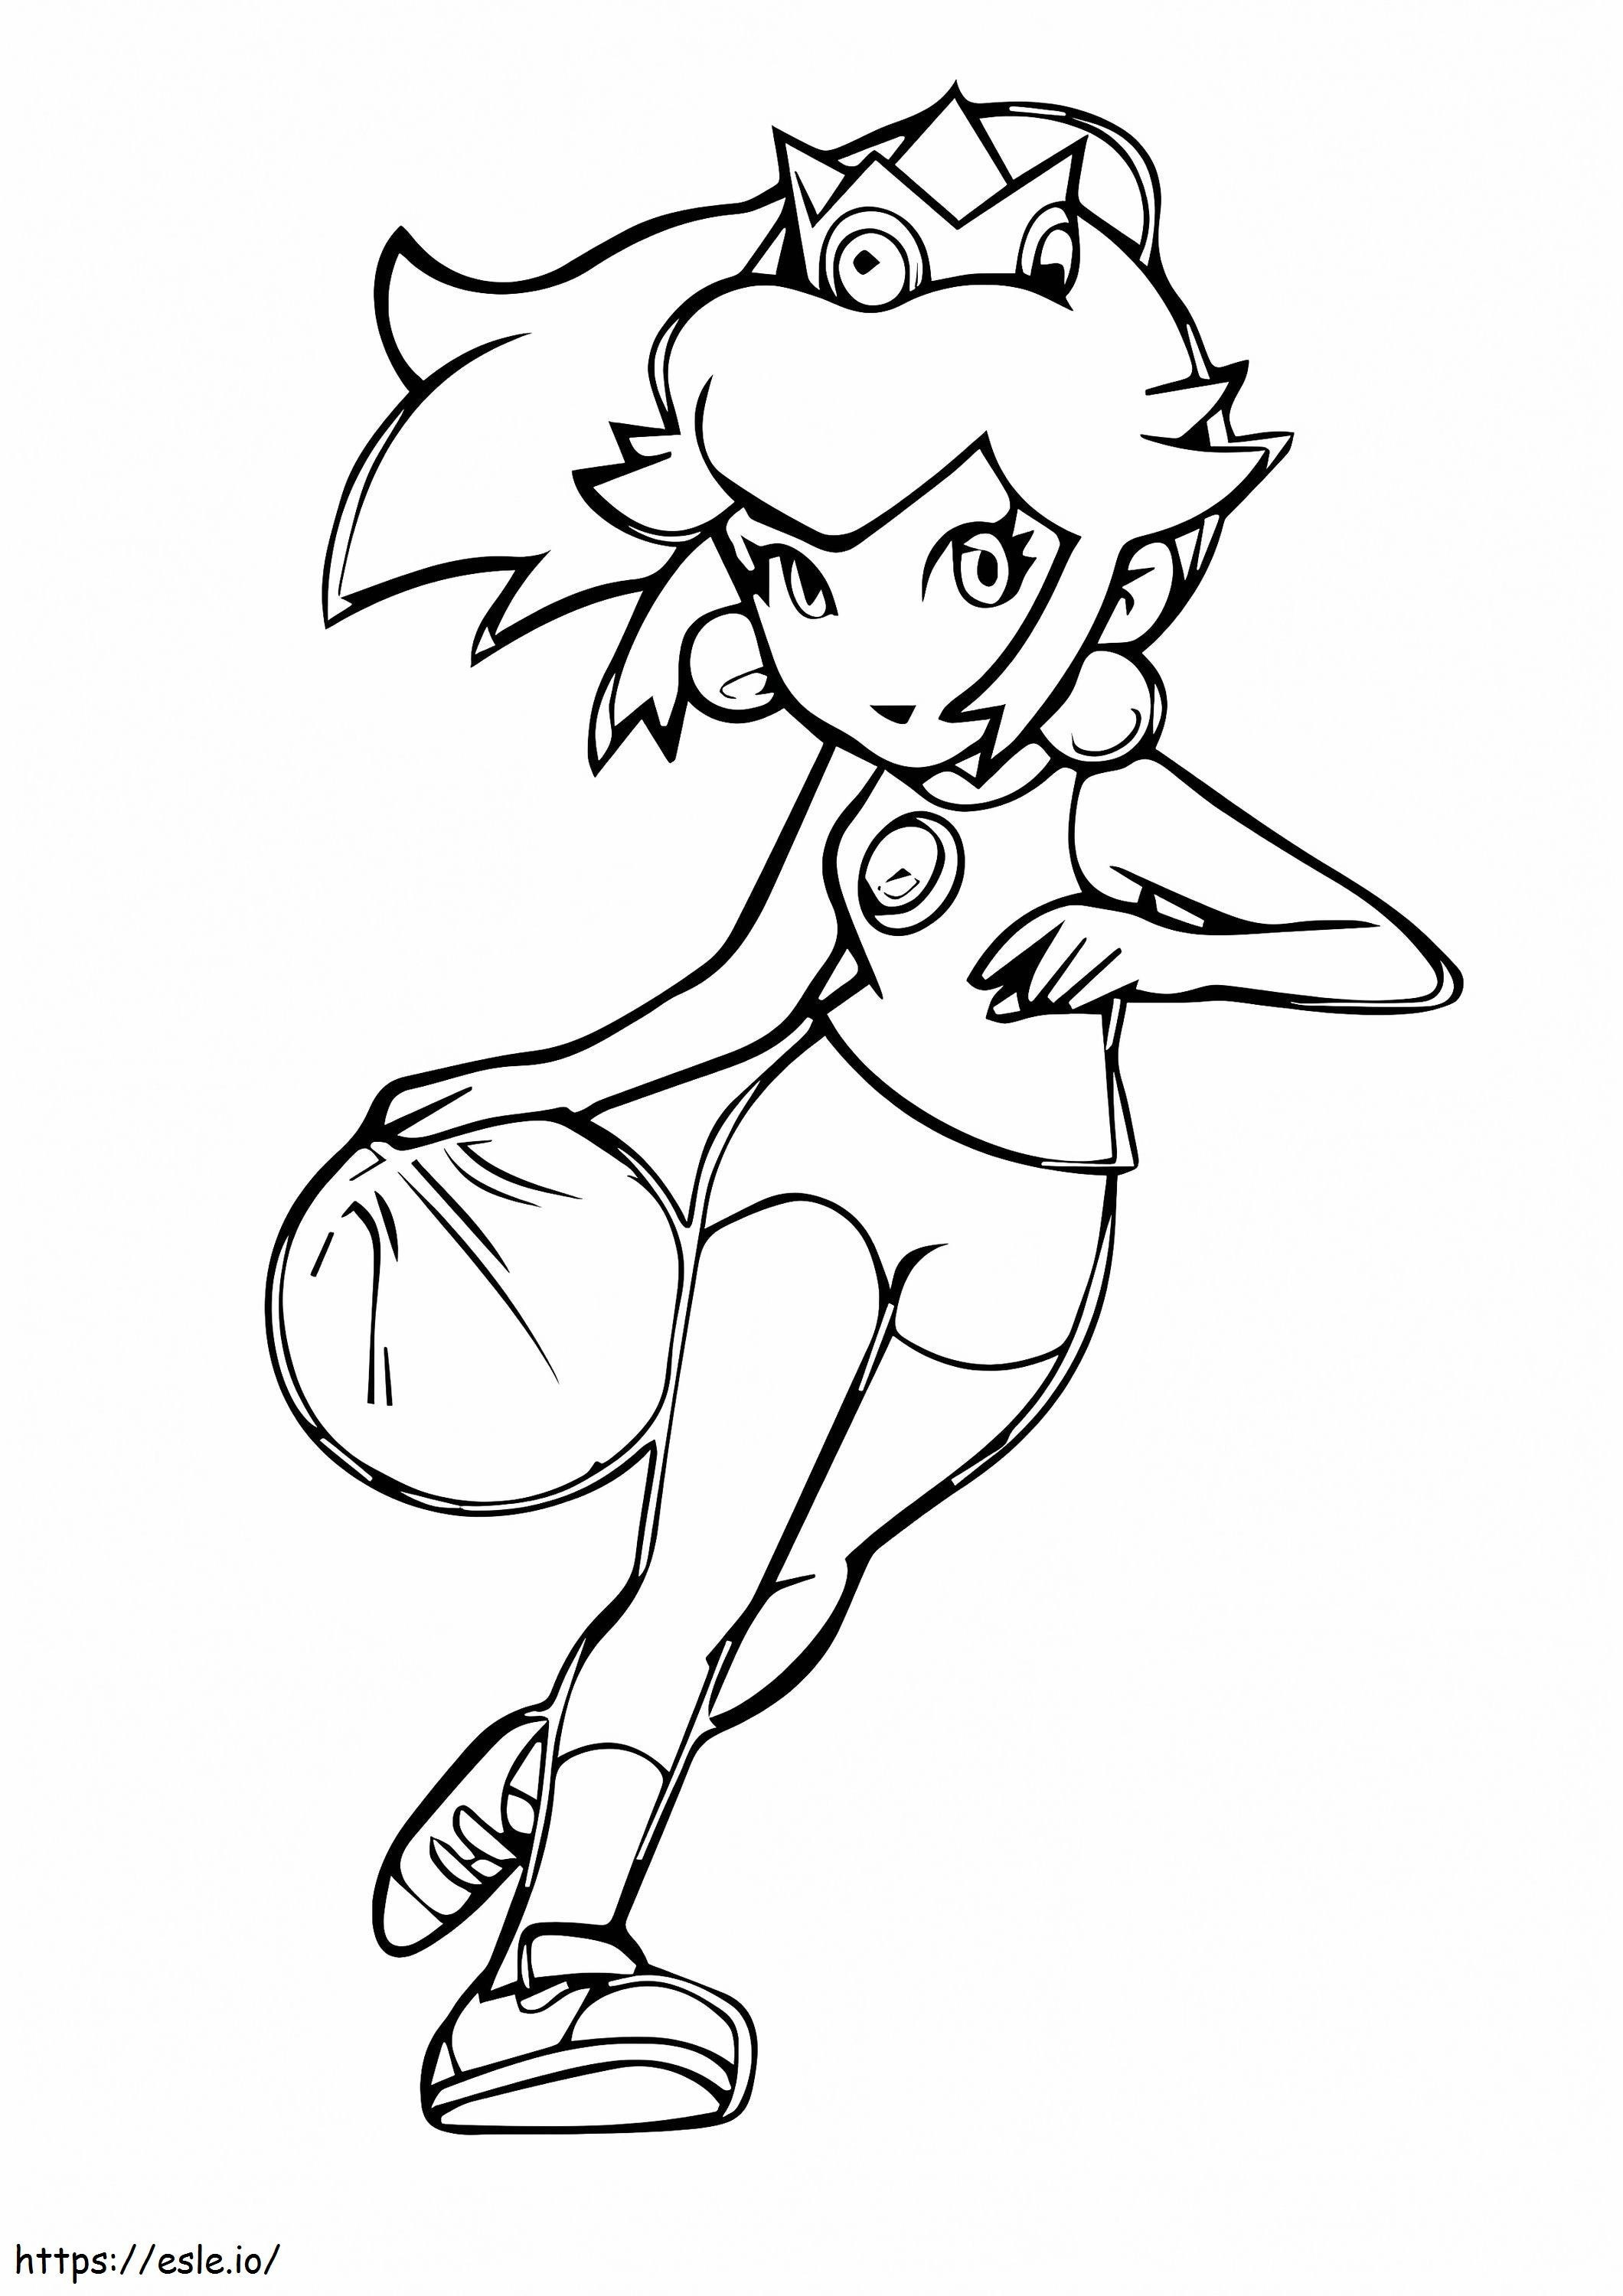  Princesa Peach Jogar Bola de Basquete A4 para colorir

---

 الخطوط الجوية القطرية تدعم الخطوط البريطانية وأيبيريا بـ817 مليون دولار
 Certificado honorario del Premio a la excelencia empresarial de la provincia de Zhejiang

--

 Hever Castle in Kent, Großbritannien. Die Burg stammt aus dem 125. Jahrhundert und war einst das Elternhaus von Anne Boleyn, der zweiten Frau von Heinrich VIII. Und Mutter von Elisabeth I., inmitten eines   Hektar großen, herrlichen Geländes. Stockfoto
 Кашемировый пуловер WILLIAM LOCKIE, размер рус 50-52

* DIRECTIONS FOR THIS TASK *
From the material above, set down exactly the lines between the line holding "Hever Castle in" and the line holding "Кашемировый пуловер WILLIAM", inclusive. Include nothing else.

* FINISHED EXERCISE *
 Hever Castle in Kent, Großbritannien. Die Burg stammt aus dem 125. Jahrhundert und war einst das Elternhaus von Anne Boleyn, der zweiten Frau von Heinrich VIII. Und Mutter von Elisabeth I., inmitten eines   Hektar großen, herrlichen Geländes. Stockfoto
 Кашемировый пуловер WILLIAM LOCKIE, размер рус 50-52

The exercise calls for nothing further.